China Media Capital was founded in 2009 and is based in Shanghai, China, with an additional office in Beijing. CMC has shares in the City Football Group and Formula E team Techeetah.

== History ==
In August 2010, Star China Media was announced that News Corporation would sell a controlling stake in its assets in mainland China to China Media Capital (CMC), which was headed by Li Ruigang (of Shanghai Media Group). Xing Kong (both domestic and international versions) and Channel V Mainland China, plus Fortune Star film library were in the sale, and a joint venture named Star China Media was created in the process.
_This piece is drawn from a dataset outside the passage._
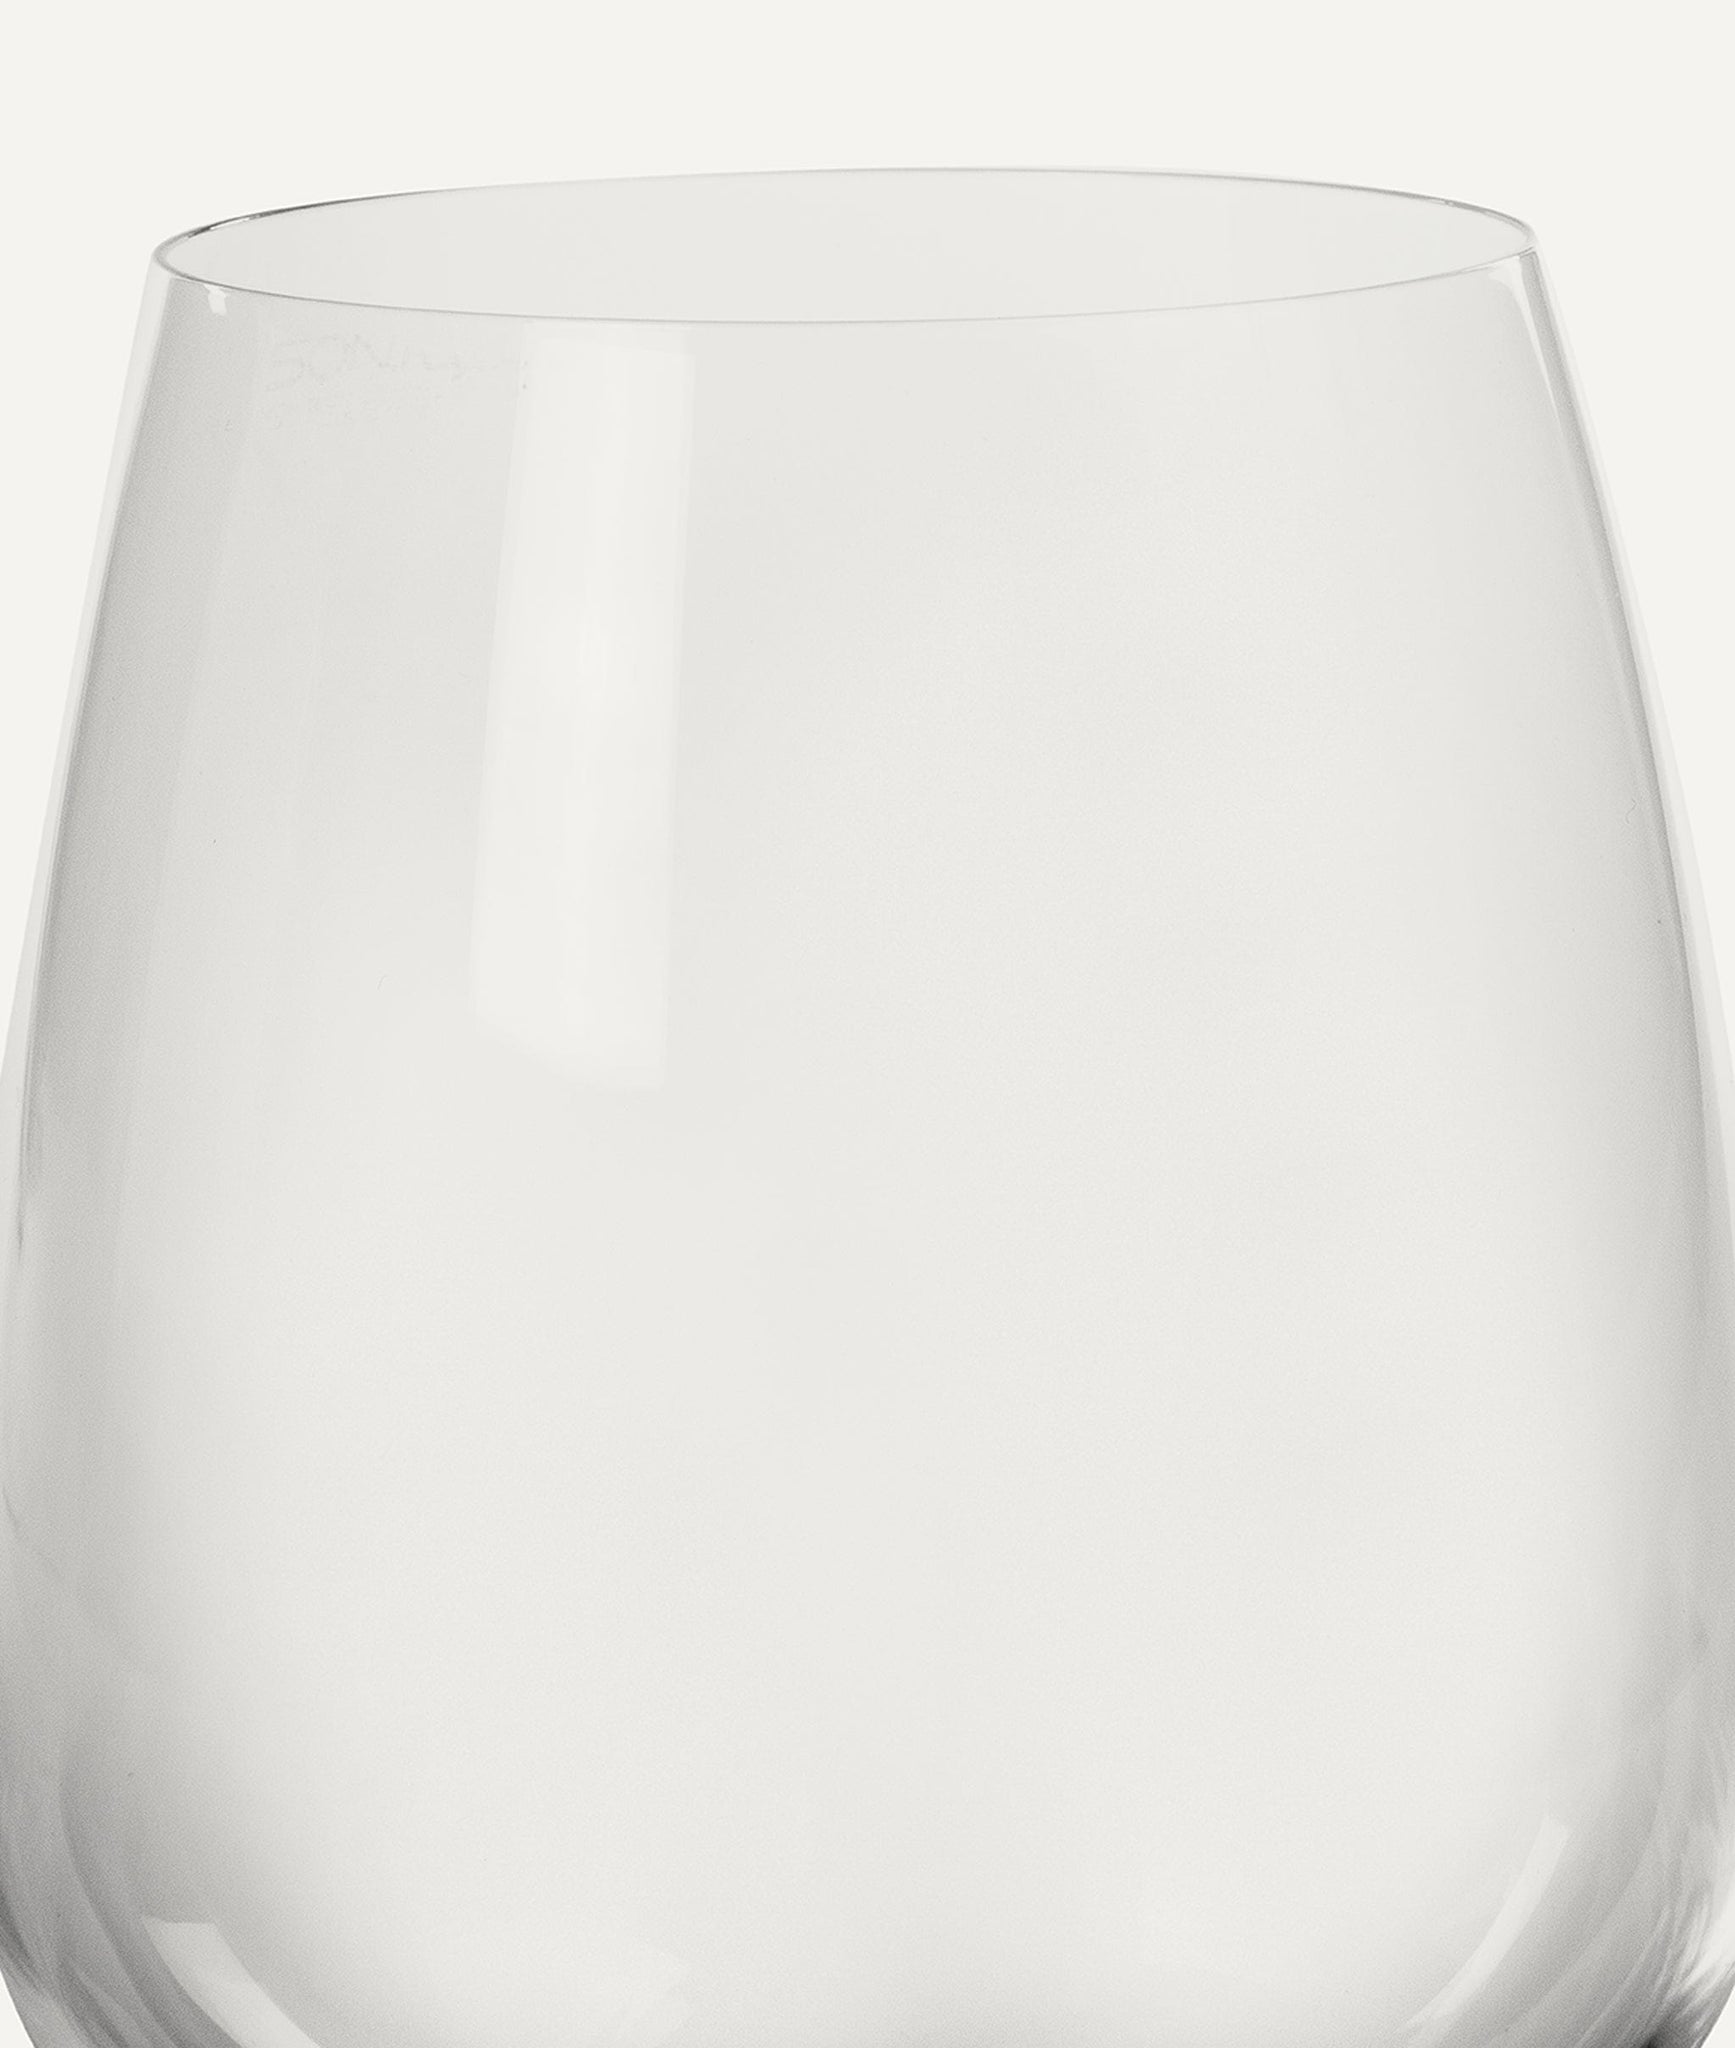 Chardonnay White Wine Glass - Set of 6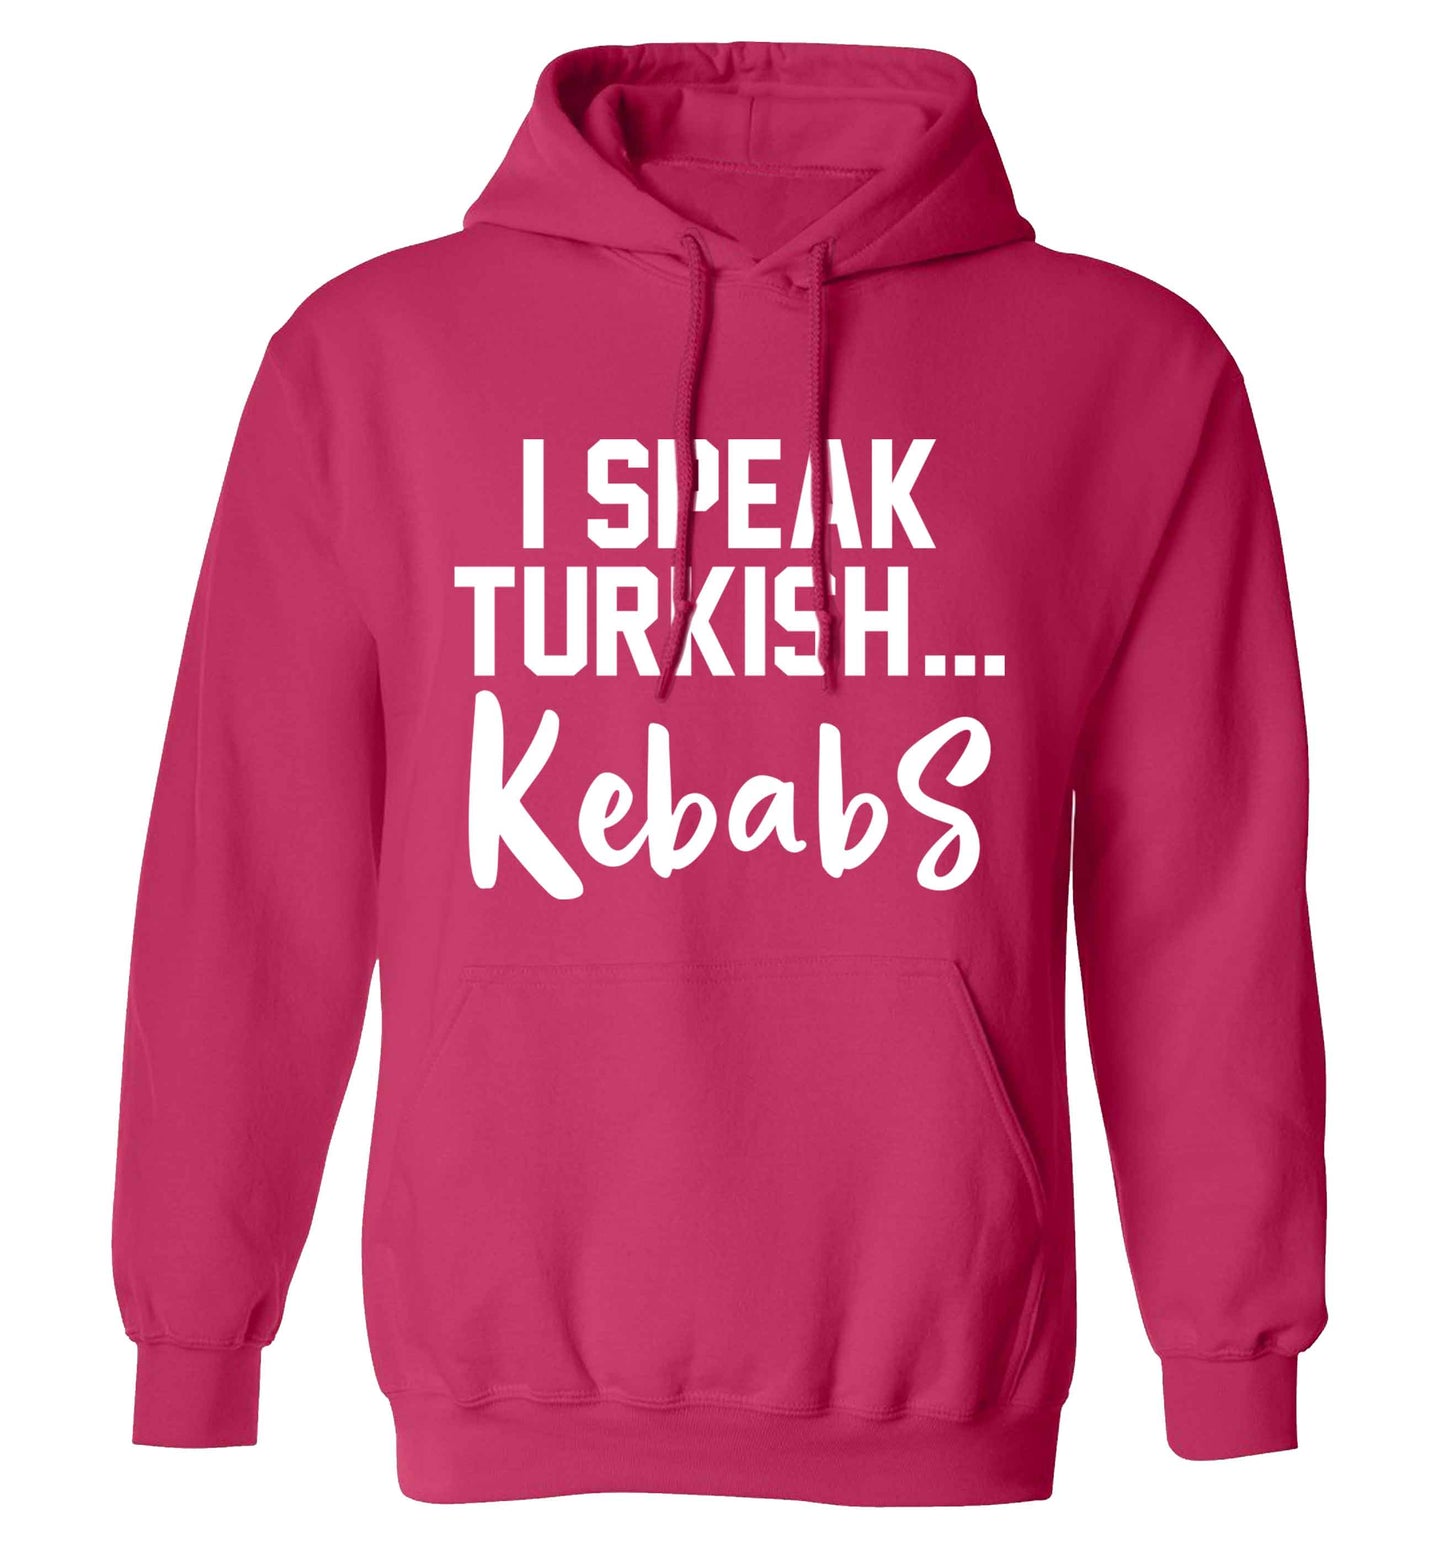 I speak Turkish...kebabs adults unisex pink hoodie 2XL

In January 2014, the company's management team and CMC acquired the remaining stake from 21st Century Fox (which took television businesses from the original News Corporation in the 2013 split). This marked 21st Century Fox's exit from Mandarin entertainment television market in Mainland China.

In 2021, Star China Media launched an initial public offering as a publicly traded company, trading on the Hong Kong Stock Exchange (HKSE) with the application being accepted on December 29, 2022, when it was trading on the stock exchange.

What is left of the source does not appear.